- Born: Inner Mongolia
- Education: The Culinary Institute of America
- Spouse: E-Hsin Foo (1966-2010)
- Culinary career
- Cooking style: French/Chinese fusion cuisine
- Current restaurant ;
- Previous restaurants SuGa; Hu-Nan; Susanna Foo; Susanna Foo Gourmet Kitchen; Suilan; ;
- Awards won 1996 James Beard Foundation Award for Best International Cook Book; 1997 James Beard Foundation Award for Best Chef: Mid-Atlantic; ;
- Website: Official website

= Susanna Foo =

Chinese chef

Susanna Foo is a Chinese chef best known for her work in Chinese/French fusion at her self titled Susanna Foo restaurant in Philadelphia, Pennsylvania. She has also owned and run other restaurants in Philadelphia and Atlantic City, and is a two-time James Beard Foundation Award winner.

==Career==
Susanna Foo was born in the Inner Mongolia area of China, and grew up in the Shanxi province. Her father was a General in the National Revolutionary Army, and so during the latter stages of the Chinese Civil War, she moved to live on Taiwan. While in college in Taiwan studying for a bachelor's degree in history she met, and would later marry in 1966, E-Hsin Foo. Together they moved to the United States, so he could study at Carnegie-Mellon University. Initially, she worked as a librarian. She was not taught how to cook by her mother, and took a cooking course in Taiwan prior to travelling to the United States as part of her preparations.

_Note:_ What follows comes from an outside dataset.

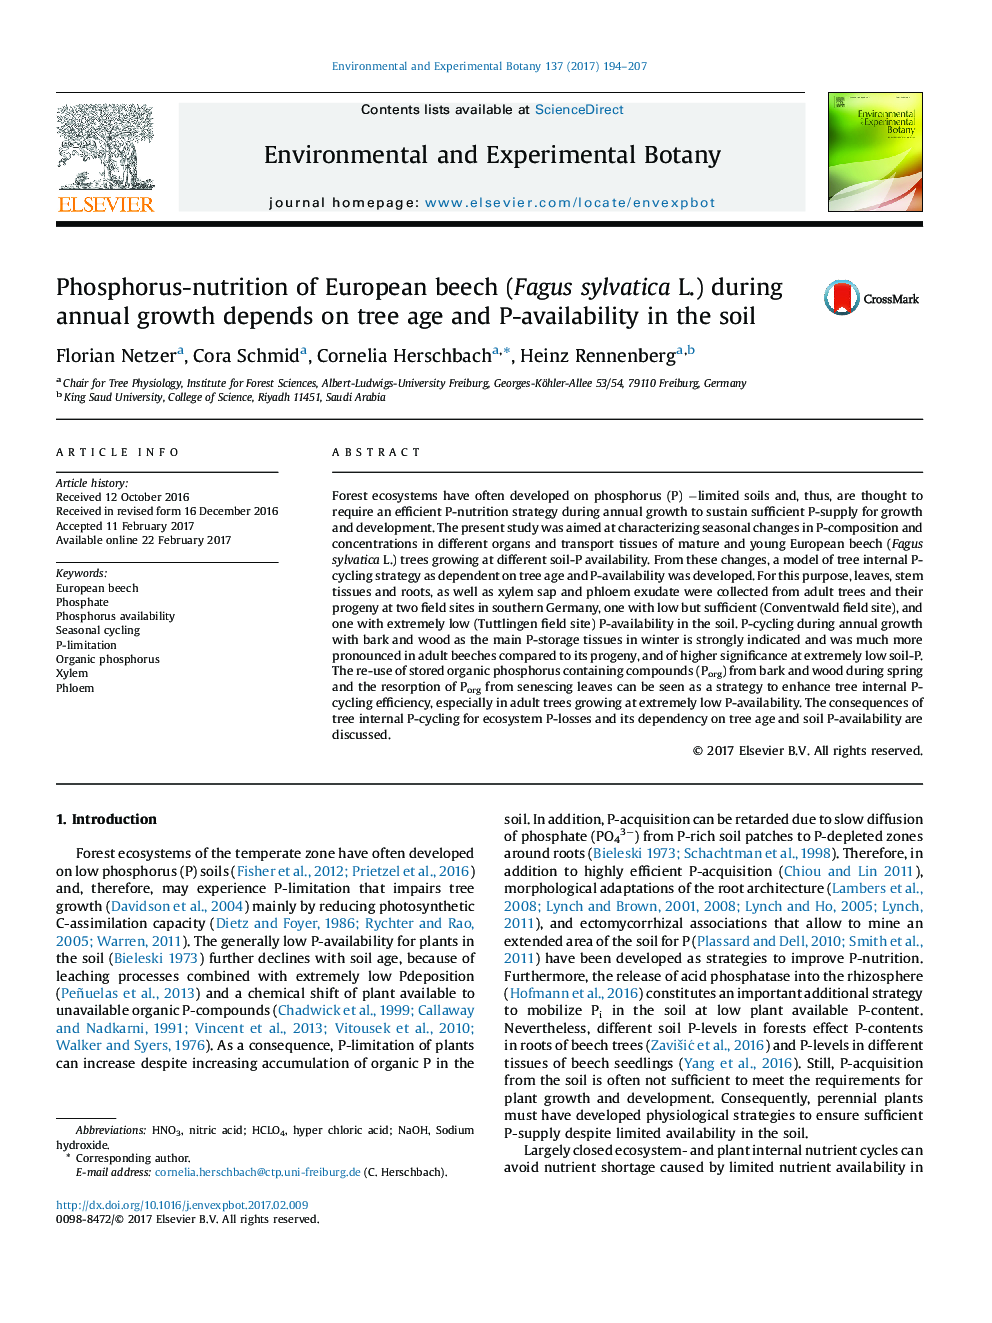 Phosphorus-nutrition of European beech (Fagus sylvatica L.) during annual growth depends on tree age and P-availability in the soil
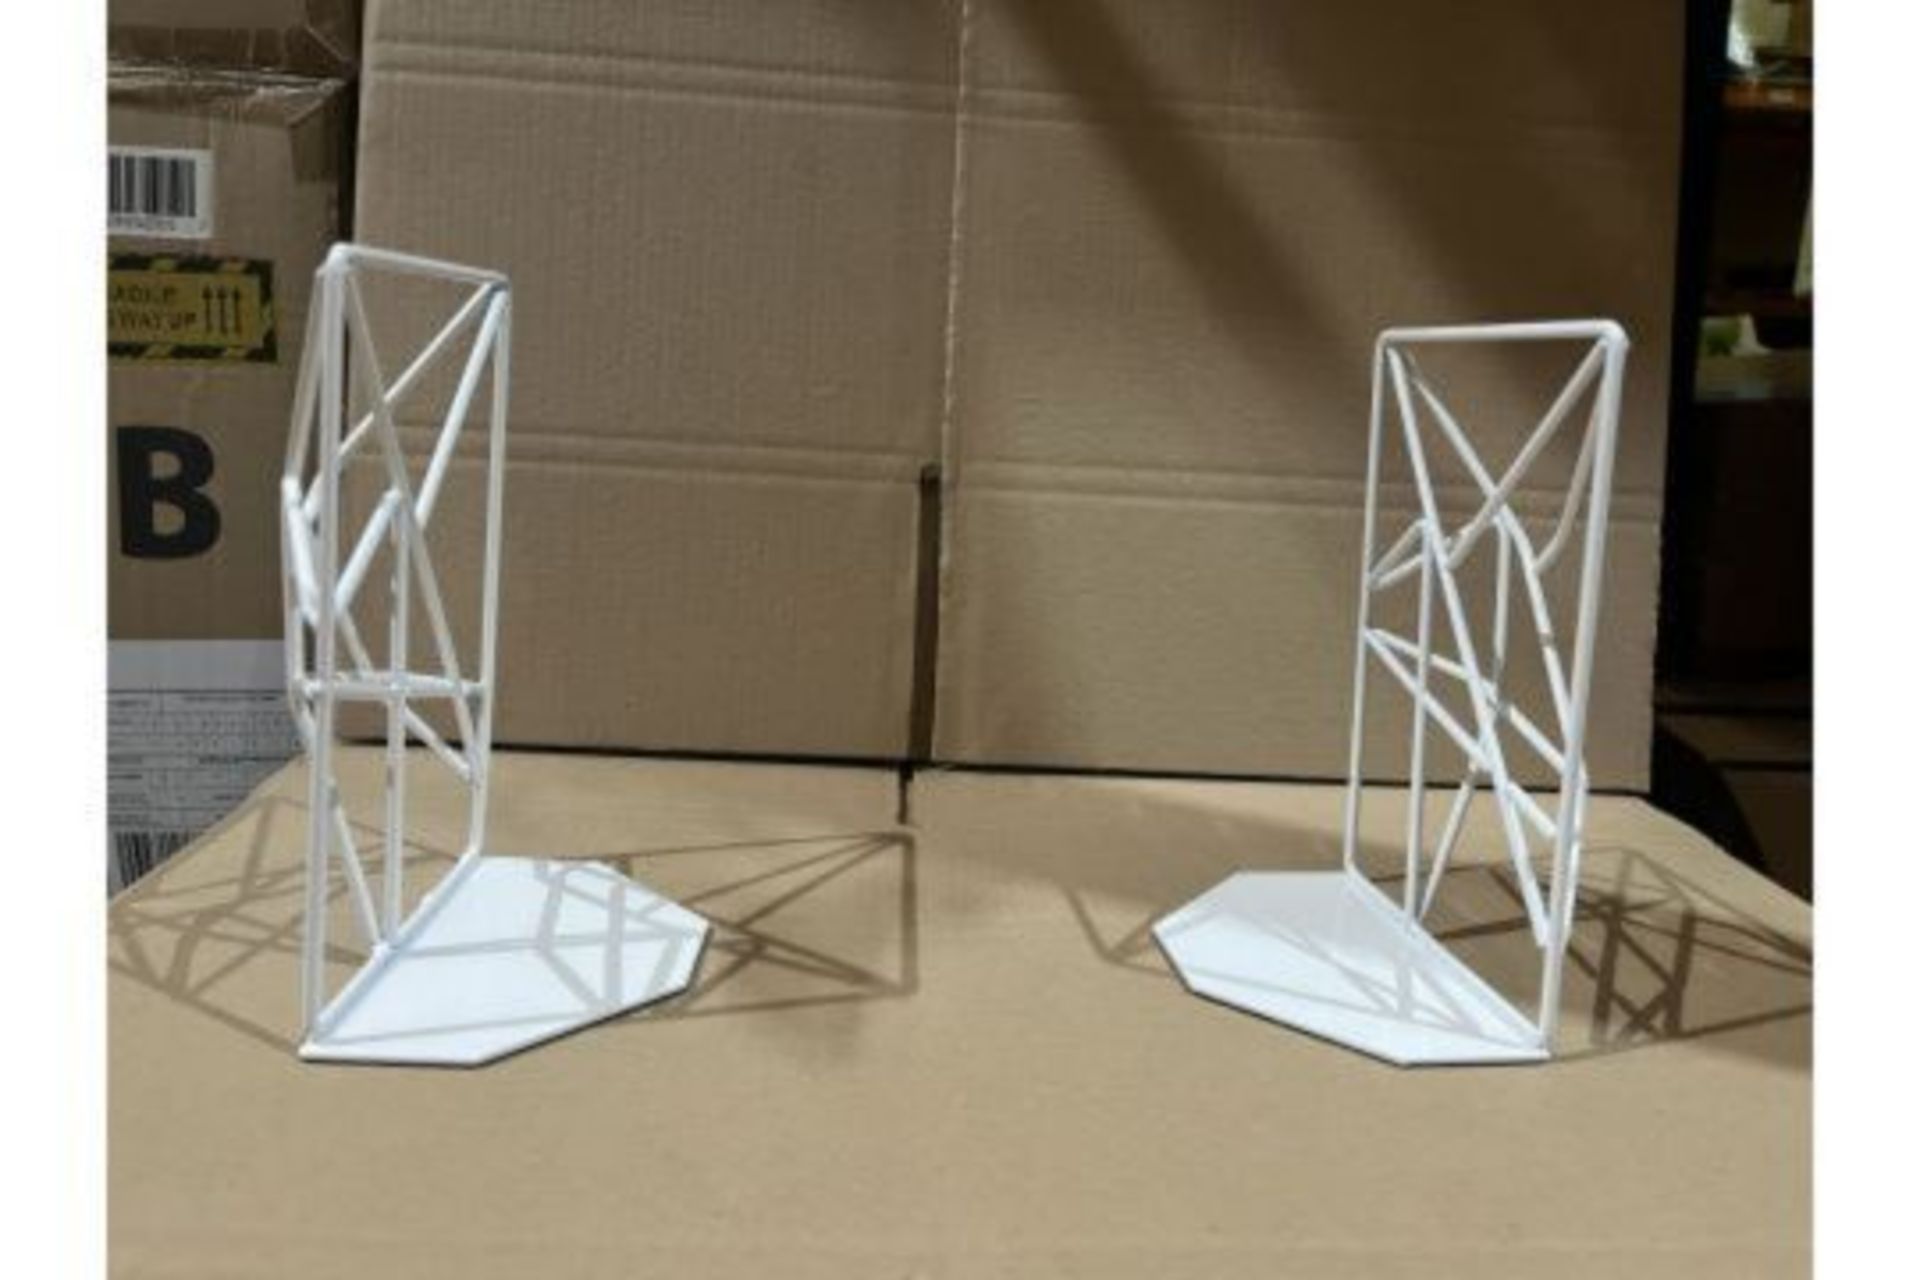 40 X BRAND NEW WHITE GEOMETRIC BOOK ENDS R9 - Image 2 of 2

They moved to Philadelphia, Pennsylvania, in 1979, to help his family run their Chinese restaurant Hu-Nan. Prior to this, Susanna had never worked in a professional kitchen. When Jacob Rosenthal of The Culinary Institute of America dined at the restaurant, he was inspired by her work. He arranged for her to dine at the best Chinese restaurants in New York City, and for consultants to train her in French cuisine, as well as inviting her to attend the Culinary Institute itself. She would later dedicate her first cook book to Rosenthal, saying that he changed her life.

Foo decided to move away from traditional Chinese food, when in 1987, she opened her self titled Susanna Foo restaurant, serving a fusion of Chinese and French cuisines. It was named the best new restaurant of the year by Esquire magazine, and Food & Wine magazine named her the best new chef in 1989. In 1995, her first cook book was published, entitled Susanna Foo Chinese Cuisine: The Fabulous Flavors and Innovative Recipes of North America's Finest Chinese Cook.

This won her a James Beard Foundation Award for best international cookbook, and she won a second James Beard Foundation Award in 1997 for Best Chef in the Mid-Atlantic region. She opened a new restaurant, named Suilan, within the Borgata, a hotel and casino complex, in Atlantic City in 2003. A second cook book followed in 2005, Susanna Foo Fresh Inspiration — New Approaches to Chinese Cuisine.

In 2009, she made the decision to sell Susanna Foo after running it for 22 years. Her husband had fallen ill, and she still had another restaurant closer to home in Radnor, Pennsylvania, Susanna Foo Gourmet Kitchen. Foo's husband died a year later, and she closed the Radnor restaurant in 2015.

At the age of 72, Foo came out of retirement in 2016 to open a new restaurant, Suga, with her son Gabriel. He had wanted to open a restaurant, and Foo felt that she was not yet finished with demonstrating modern Chinese cuisine. Some of the dishes are an evolution from those served in her previous restaurant, while others are inspired by her frequent trips to China.